> **REQUIRED WORK**: Exact copy, no pictures: output each line below as it stands.

> **PROVIDED DATA**:
------

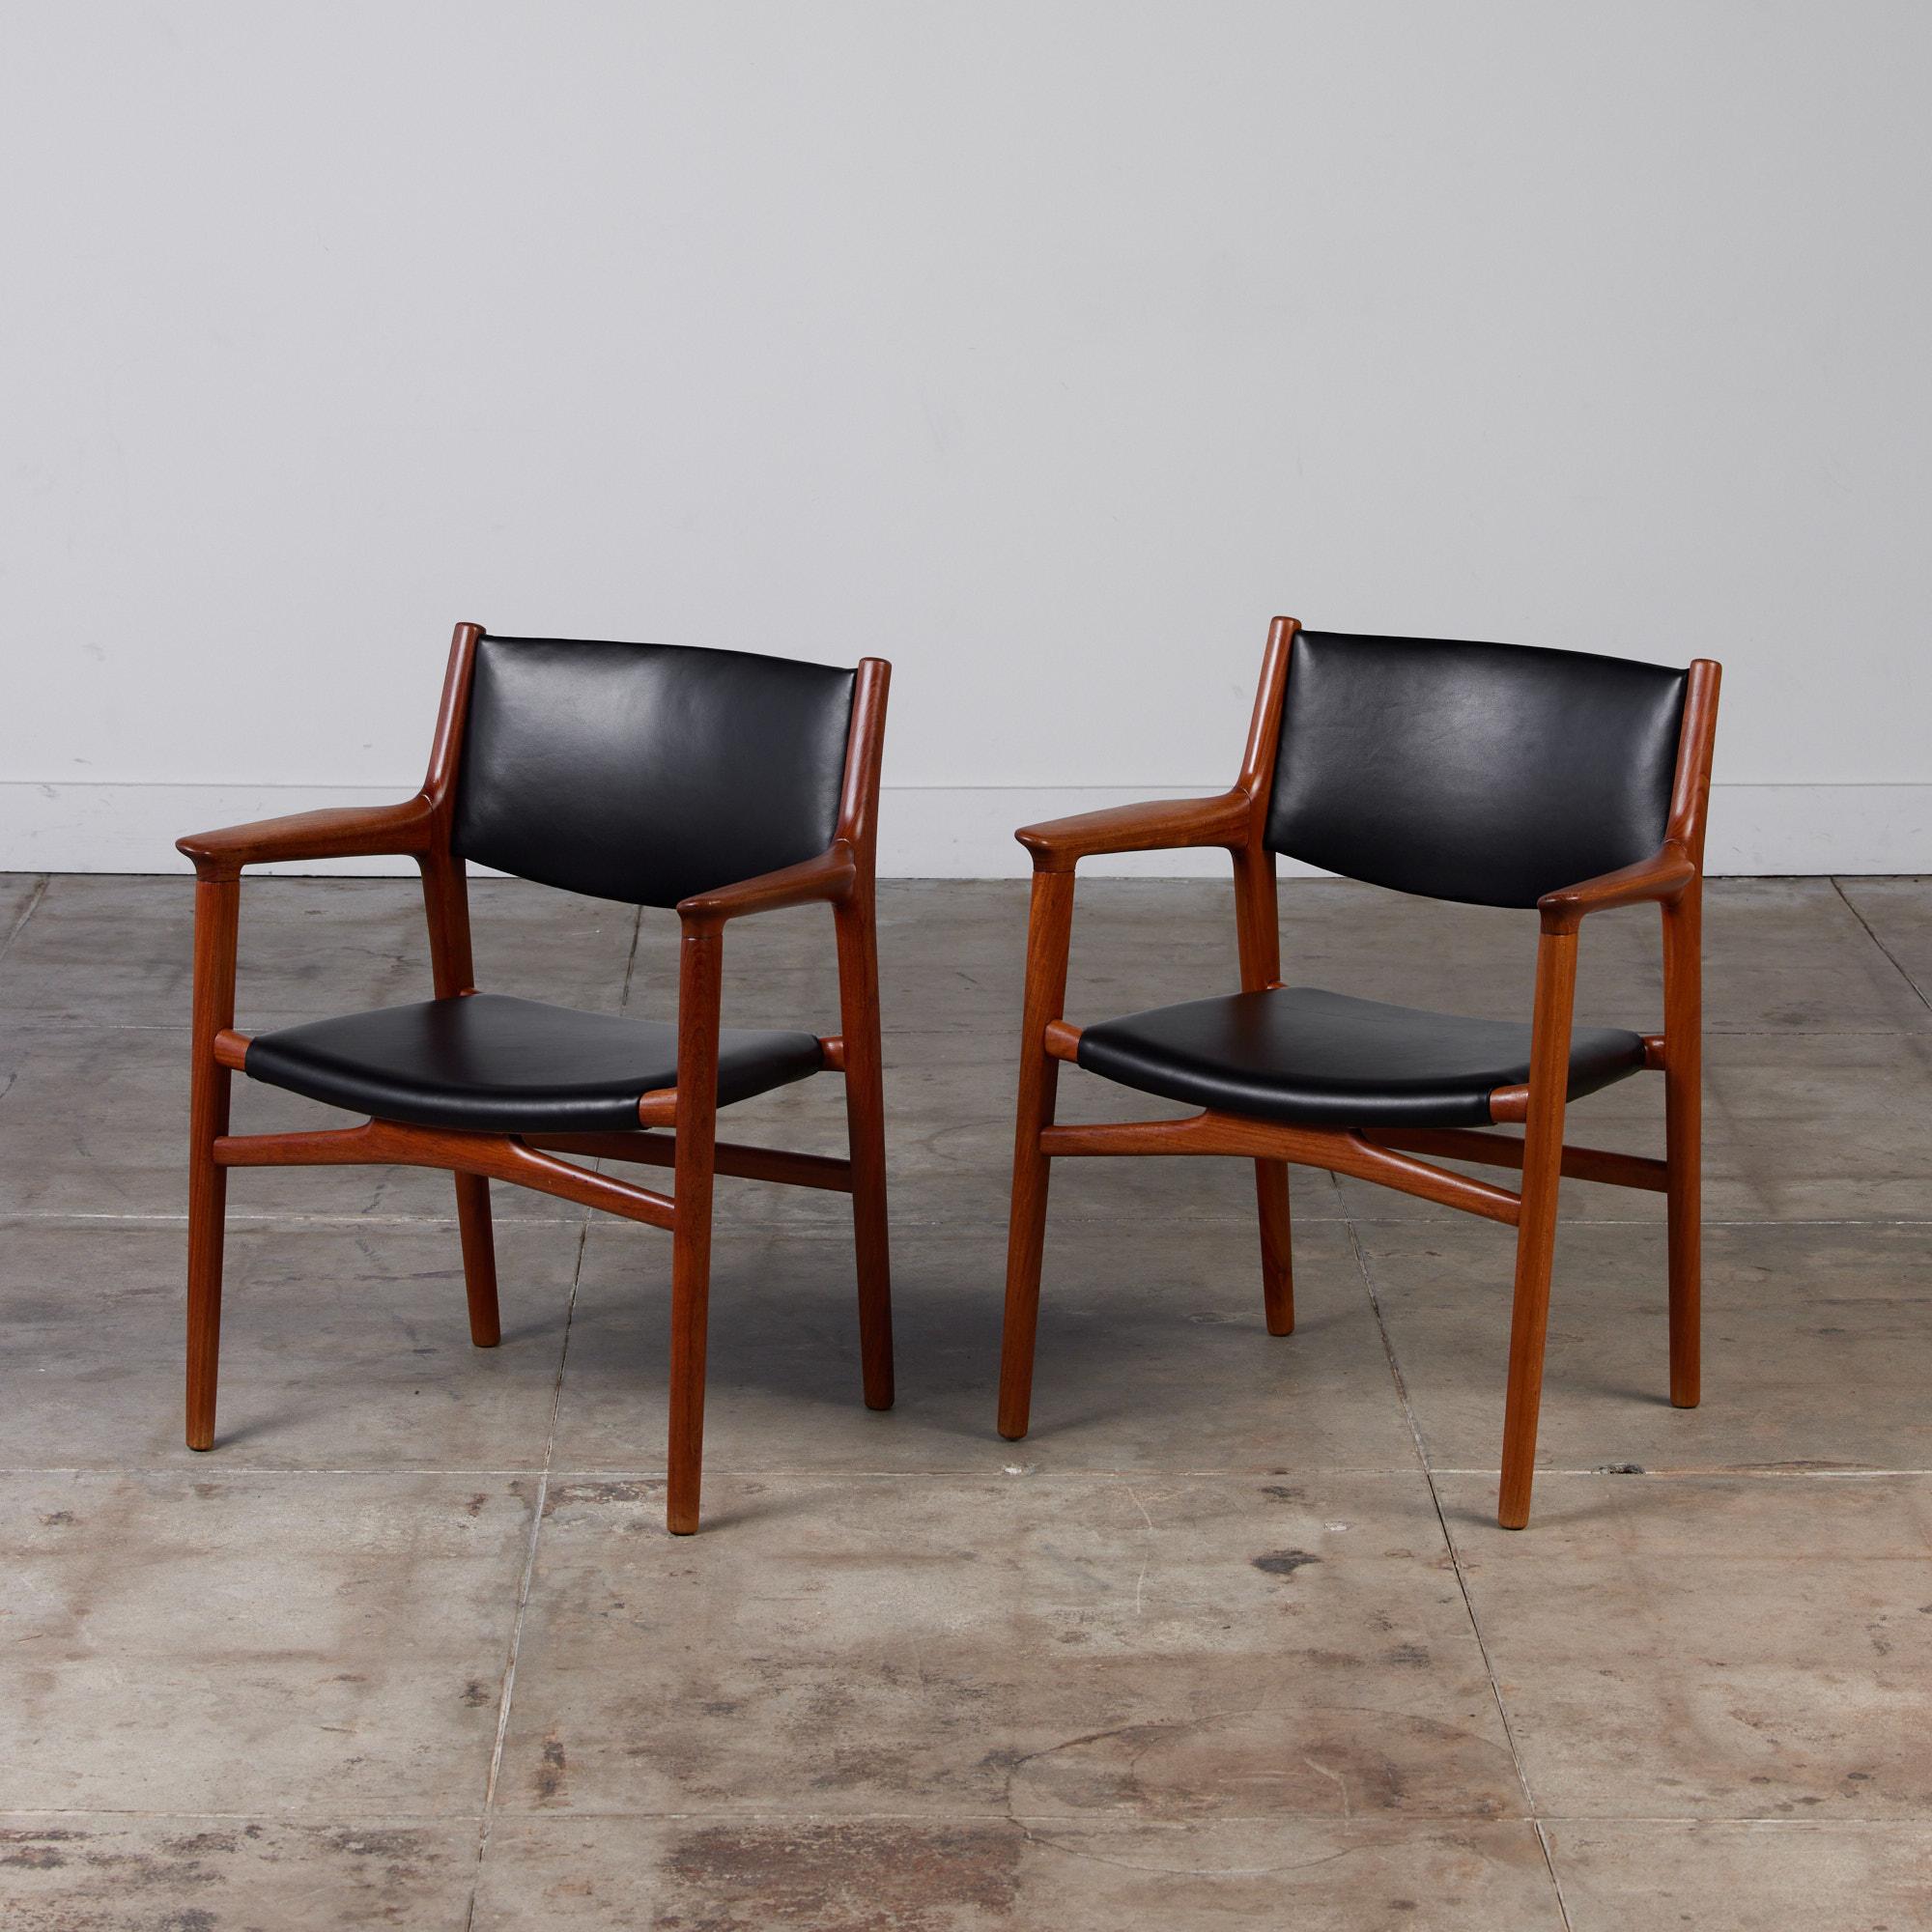 Hans J. Wegner teak armchair c.1950s, Denmark, for Johannes Hansen. The rare model JH-515 features a black leather backrest and seat.

Stamped Johannes Hansen, COPENHAGEN, DENMARK.

Two chairs available; they are priced

------

> **ANSWER TO THE EXERCISE**:
 Hans J. Wegner teak armchair c.1950s, Denmark, for Johannes Hansen. The rare model JH-515 features a black leather backrest and seat.

Stamped Johannes Hansen, COPENHAGEN, DENMARK.

Two chairs available; they are priced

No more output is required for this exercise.